So why were some relished while others were ignored and still sit gathering dust (or mildew) in somebody's basement? Often the reply is that the manufacturer simply took a decent amp and paired it up with a lousy choice of cab and/or speaker. Simple as that.

Presently, a great many "practice amps" are designed to cut every conceivable manufacturing cost corner imaginable. The parts cost what the parts cost, and often there is no room to move with respect to those costs. So the next place to cut costs is in building and shipping. Cabinets cost more to ship when they are larger and heavier. So, you will find a great many practice amps have open backs (saves on shipping weight), and are shallower (front to back) than they ought to be. The result is that, even when paired up with a reasonably suitable speaker (and I'm not suggesting they all are), the sound is thin. I took an old TDA2030-based Gorilla amp that I bought cheap, and was able to both close up the back a bit more, and move the baffle about a 1/2" forward in the frame (increasing the overall internal volume of the enclosure). Gave the amp a lot more muscle.

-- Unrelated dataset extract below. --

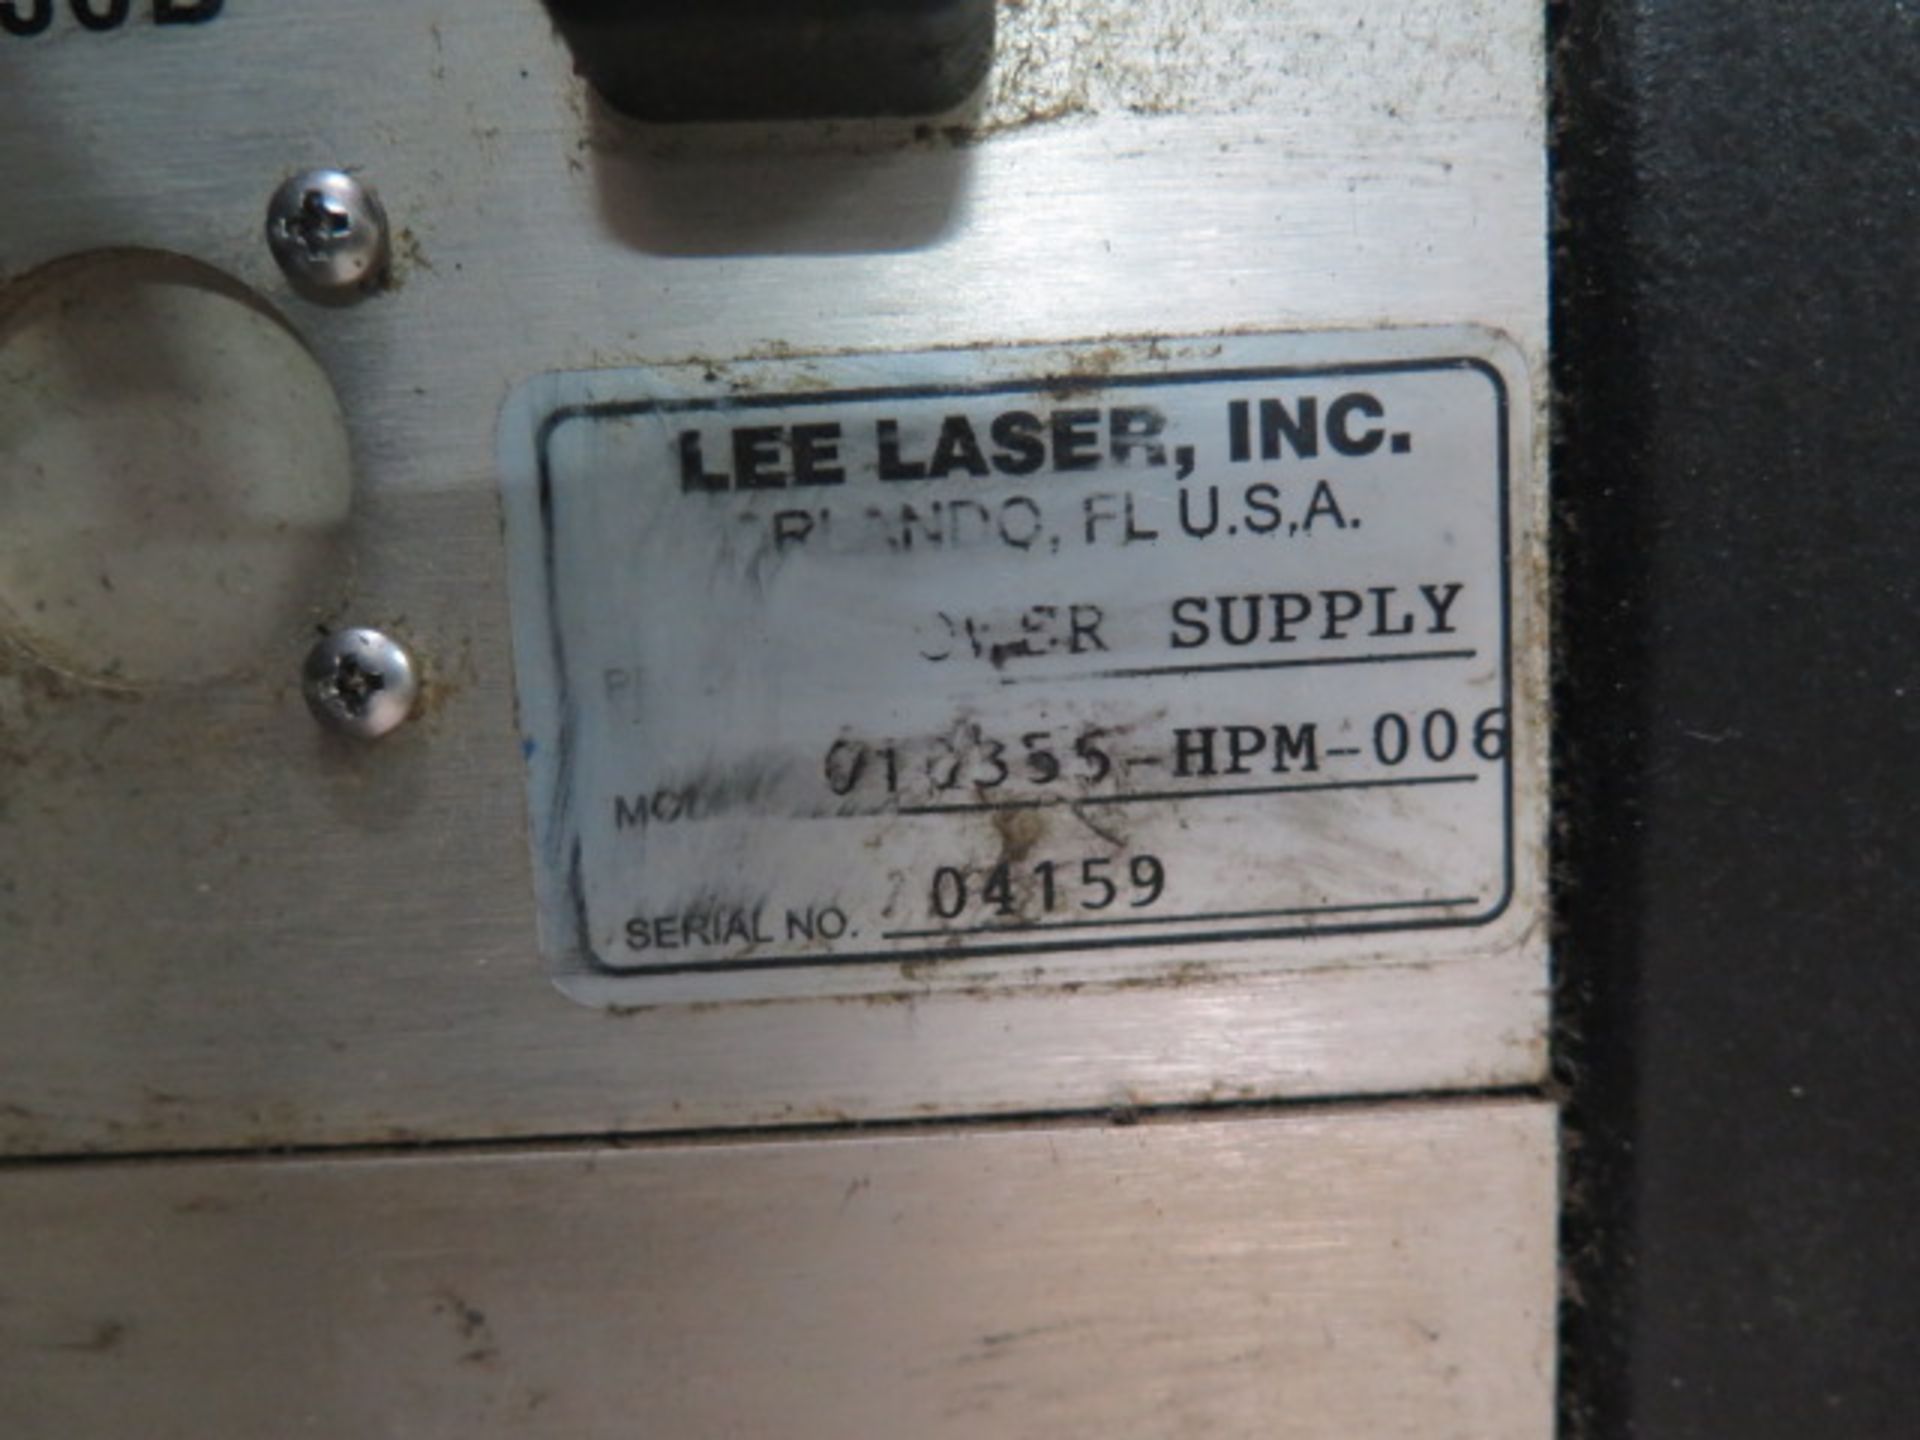 Jimani Inc / Lee Laser 100 Watt Basic Nd:YAG Laser Marking System s/n 2004013, SOLD AS IS - Image 12 of 12

So yeah, a speaker change can do wonders, but sometimes it's the cab too.


----------



## Mooh (Mar 7, 2007)

Just put an Eminence Red Coat Governor in the YCV20. At first blush it's going to break up about like, but smoother than, the Celestion I took out of it. The cleans are as sweet and just as organic sounding as the Lil Buddy. The real test will be at a major practice or gig, yet to come.

Peace, Mooh.


----------



## Mooh (Mar 7, 2007)

Once again, the speaker in my little Traynor Bassmaster XM50 Traynor Amps: Bass Combos went for a crap. The first one lasted through a lot of heavy pounding, all 5 string (low B) playing and finally gave up. The second one, an identical direct replacement, only lasted through relatively light play at quieter gigs and sessions at home. Both were light cheap Eminence branded speakers, though they certainly didn't appear any better than the cheap crapola one finds in the industry. This amp however, is the hands down best small bass amp I've ever had, durable, great sounding (I've used to line out a lot), and easy to carry. Pretty much a pro amp in practice size.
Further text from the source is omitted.